I think this should work for the migration period. I think if we use this for the session TTL duration (or, let's say, 2x the TTL to be safe), we could then swap it out and just use the new storage.

I have to admit that I'm not sure how our roll-out process works, but I assume there's some period of time in which some servers use the old config, and others use the new config. So I think we should be ready for the following states:

• Old session storage (this is now)
• Mixed old session storage, migration storage (rollout period)
• Migration storage (all servers have migration config)
• Mixed migration storage, new storage (rollout period 2)
• New storage (where we want to go)

There might be some race conditions during the rollout period that we'd want to be prepared for.

• MultiWriteBagOStuff: similar, but without the read fallback

The class comment says "Reads are implemented by reading from the caches in the order they are given in the configuration until a cache gives a positive result." The code seems to match.

It has different write semantics than you ask for though, as it will write to both the new and old stores.

In T222742#5165218, @EvanProdromou wrote:

I have to admit that I'm not sure how our roll-out process works, but I assume there's some period of time in which some servers use the old config, and others use the new config.

There are three answers to that question:

• For a few seconds or minutes during the actual scap, you may have processes running with the old code/config and the new code/config at the same time. Some of that time is intentional: a few "canary" hosts are updated first, then it waits to see if error rates immediately spike on those hosts before doing the rest.
• For code changes riding the train, the wikis are divided into three groups (0, 1, and 2) which are normally deployed on Tuesday, Wednesday, and Thursday each week. Thus, different wikis will be running different code as the train rolls out.
  • Note that configuration changes (meaning the operations/mediawiki-config repository) do not ride the train.
• Configuration can vary by wiki, with these differences persisting until someone changes them manually. This is often used to roll out changes to a smaller set of wikis for live testing and performance monitoring under load before giving it to the big wikis like enwiki.

The class comment says "Reads are implemented by reading from the caches in the order they are given in the configuration until a cache gives a positive result." The code seems to match.
It has different write semantics than you ask for though, as it will write to both the new and old stores.

So, that's good! As long as it's always going to read in order, then just making the order [new, old] should work for this case...?

I have to admit that I'm not sure how our roll-out process works, but I assume there's some period of time in which some servers use the old config, and others use the new config.

• For a few seconds or minutes during the actual scap, you may have processes running with the old code/config and the new code/config at the same time. Some of that time is intentional: a few "canary" hosts are updated first, then it waits to see if error rates immediately spike on those hosts before doing the rest.
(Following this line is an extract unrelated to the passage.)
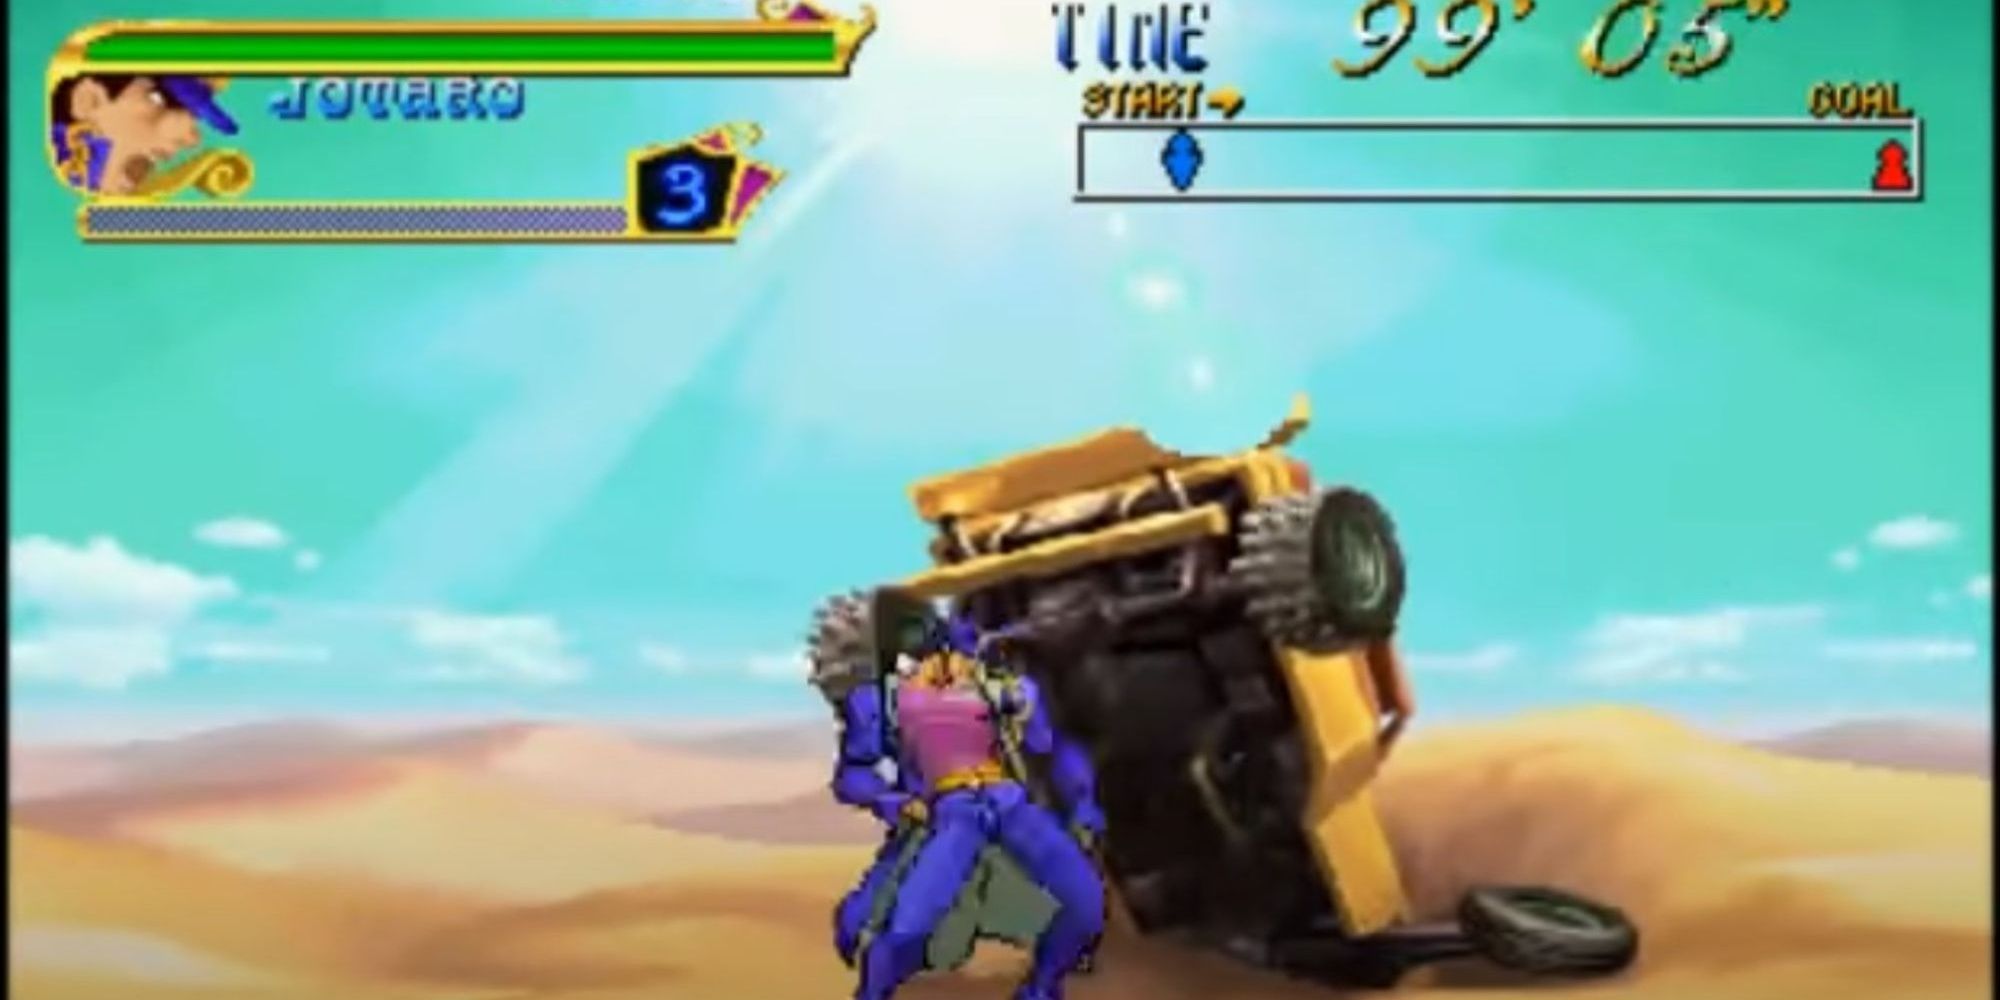 Gameplay Of JoJo's Venture For Arcade with character next to vehicle in sand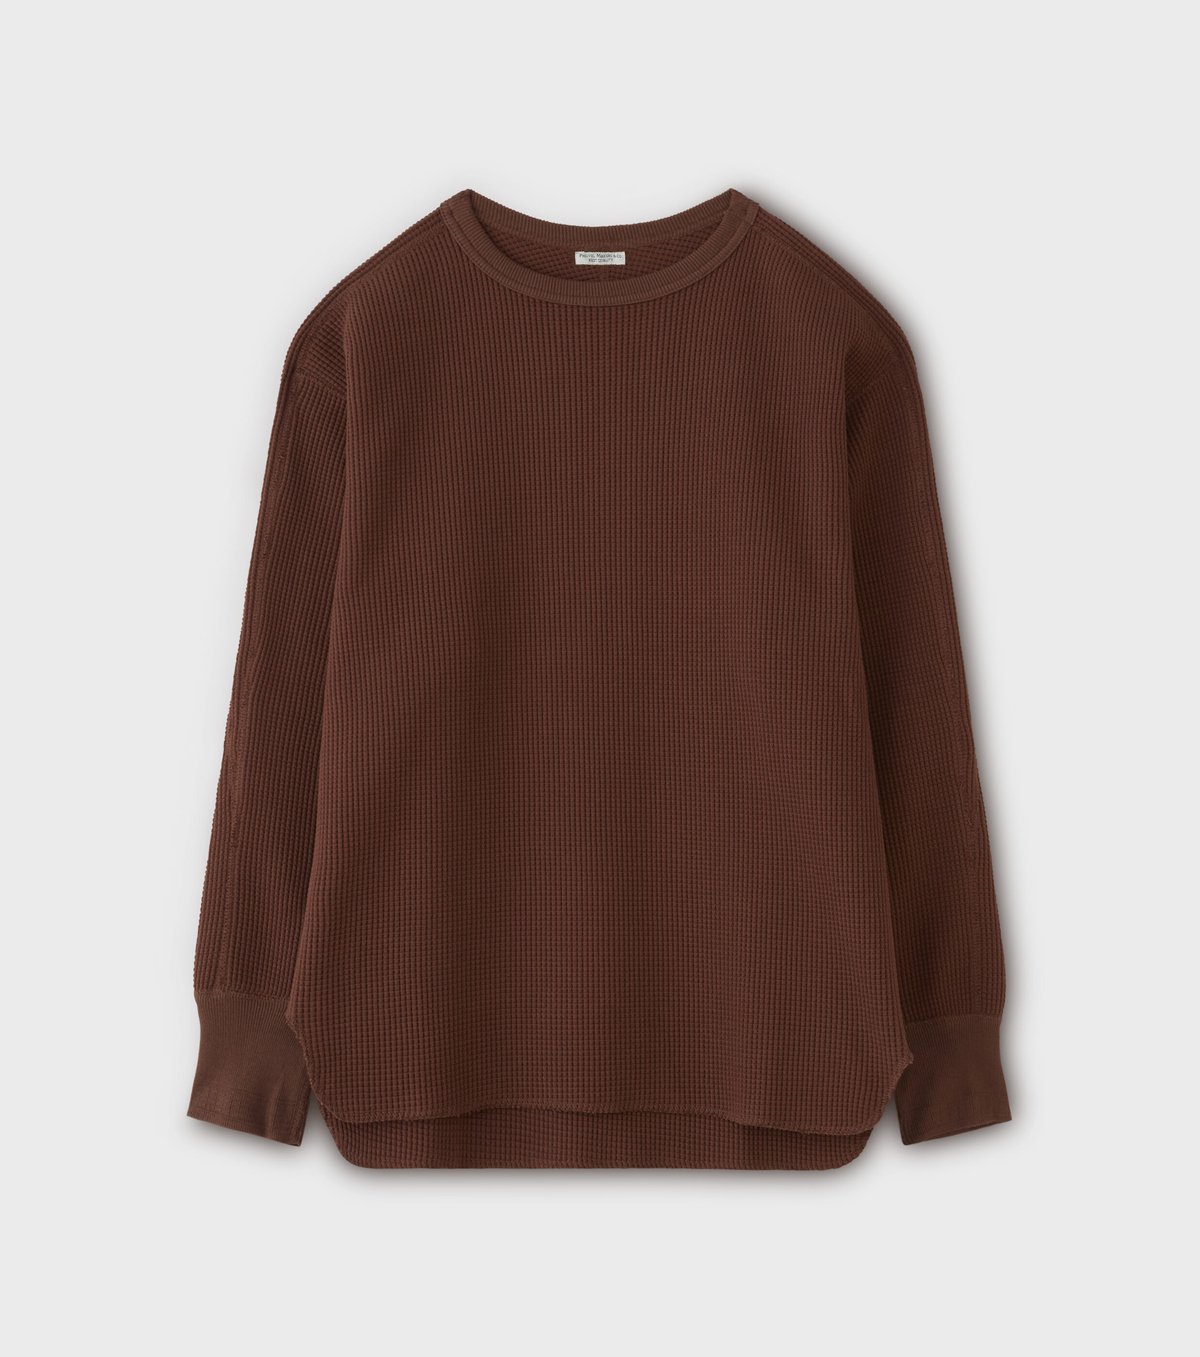 PHIGVEL‐MAKERS Co. HEAVY WAFFLE TOP （RUSSET） |

This is the rollout period I was concerned about. I estimate that we write a lot of sessions (O(10^3)? O(10^4)?) during a rollout period, so we might want to consider that.

I think the multi-write configuration makes sense in this situation.

So, it seems like the MultiWriteBagOStuff does what we need. It will be slightly inefficient, since it will do unnecessary writes to the old store, but that will probably be OK and actually be more robust during rollout period.

@BPirkle could you confirm that this class works for session storage with RESTBagOStuff as the "new" back end, and maybe Redis as the "old" backend? If that's the case, I think we can close this ticket.

I've created a ticket for doing the configuration options for RESTBagOStuff at T224993, so I'm closing this down.